Выбрать главу

«Да, до тех пор, пока у нас, на нашей земле, — думал Левинсон, заостряя шаг и чаще пыхая цигаркой, — до тех пор, пока миллионы людей живут еще в грязи и бедности, по медленному, ленивому солнцу… верят в злого и глупого бога, — до тех пор могут рождаться на ней такие ленивые и безвольные люди, такой никчемный пустоцвет…»

Конечно же, здесь сразу узнается неповторимый почерк А. Фадеева, фадеевская разветвленная фраза, способная выйти к сложному содержанию — чуткая к музыке слов, к наплывам эмоций, характерно заостряющая шаг в решающих моментах. Но в своих истоках, в замысле, в идейной направленности эта сцена в романе имеет ясно слышимое созвучие с работой молодого Маркса «К критике гегелевской философии права».

В этой работе свой яростный полемический задор Маркс обрушивает на творцов социальных иллюзий и утопий, уводящих жизнь и судьбы людей от драматизма реальности. Свободное общество, доказывает Маркс, не нуждается в иллюзиях из фальшивых цветов. Так и сказано: «Критика сбросила с цепей украшавшие их фальшивые цветы…» И этот решительный шаг философов-диалектиков необходим для того, чтобы человечеству протянуло руку «за живым цветком», то есть к настоящей жизни.

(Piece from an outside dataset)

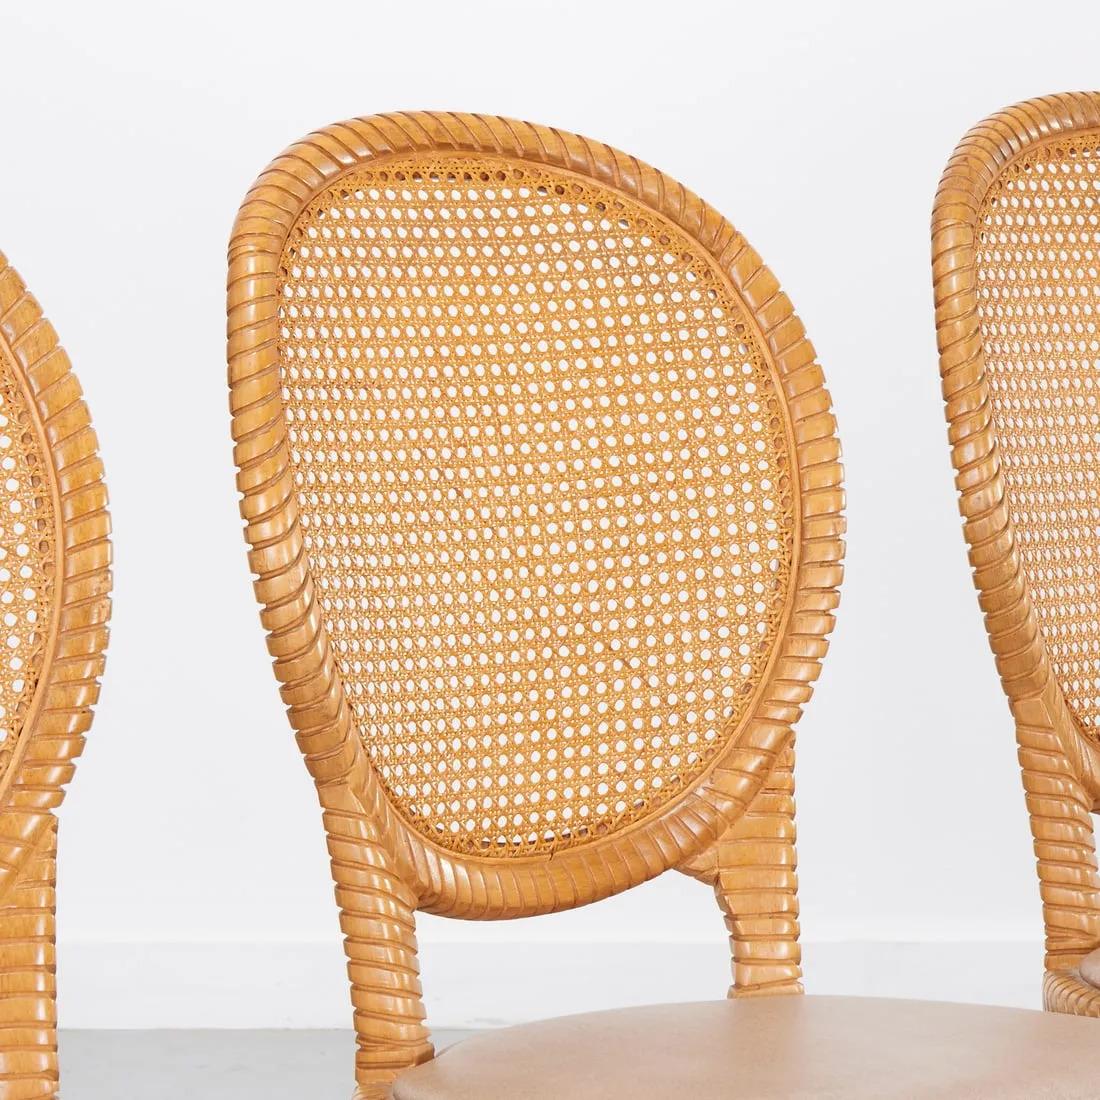 Satz von vier Ballonstühlen mit Rohrrücken.  Die Rahmen der Stühle sind aus geschnitztem Holz und die Sitze mit Vinyl bezogen.

Вот эту мысль и высказал Фадеев на страницах романа. Случай этот, в общем-то, уникален в истории литературы. Чаще всего такое обращение к философским суждениям выглядит вторично, цитатно, в форме иллюстративной заставки в тексте повествования. Фадееву удалось уйти от этих бед потому, что по жанру, по стилю его роман социально-психологический, роман индивидуальностей, характеров, душевных движений, что исключает открытую декларативность, лозунговость, цитатность.

Маркс развивает также мысль о том, что освободившись от иллюзорного сознания, человек становится «разумным человеком» и лишь в этом случае, с «духовным оружием» земного, реального знания, способен утвердить «правду посюстороннего мира». Маркс пишет, что, утверждая правду посюстороннего мира, преобразуя жизнь, человек начинает вращаться «вокруг себя самого и своего действительного солнца».

Напомним фадеевское:

«…до тех пор, пока миллионы людей живут еще в грязи и бедности, по медленному, ленивому солнцу…»

Как видно, созвучия и даже совпадения налицо; и в том и в другом случае подразумевается как бы двуликость солнца — действительного и мнимого, иллюзорного, а за этим образом видится существование двух жизней — справедливой и несправедливой.

«По медленному, ленивому солнцу» — это уже безусловная находка, выход к лично найденной реалистической символике.

«И Левинсон волновался, потому что все, о чем он думал, было самое глубокое и важное, о чем он только мог думать, потому что в преодолении этой скудости и бедности заключался основной смысл его собственной жизни, потому что не было бы никакого Левинсона, а был бы кто-то другой, если бы не жила в нем огромная, не сравнимая ни с каким другим желанием жажда нового, прекрасного, сильного и доброго человека».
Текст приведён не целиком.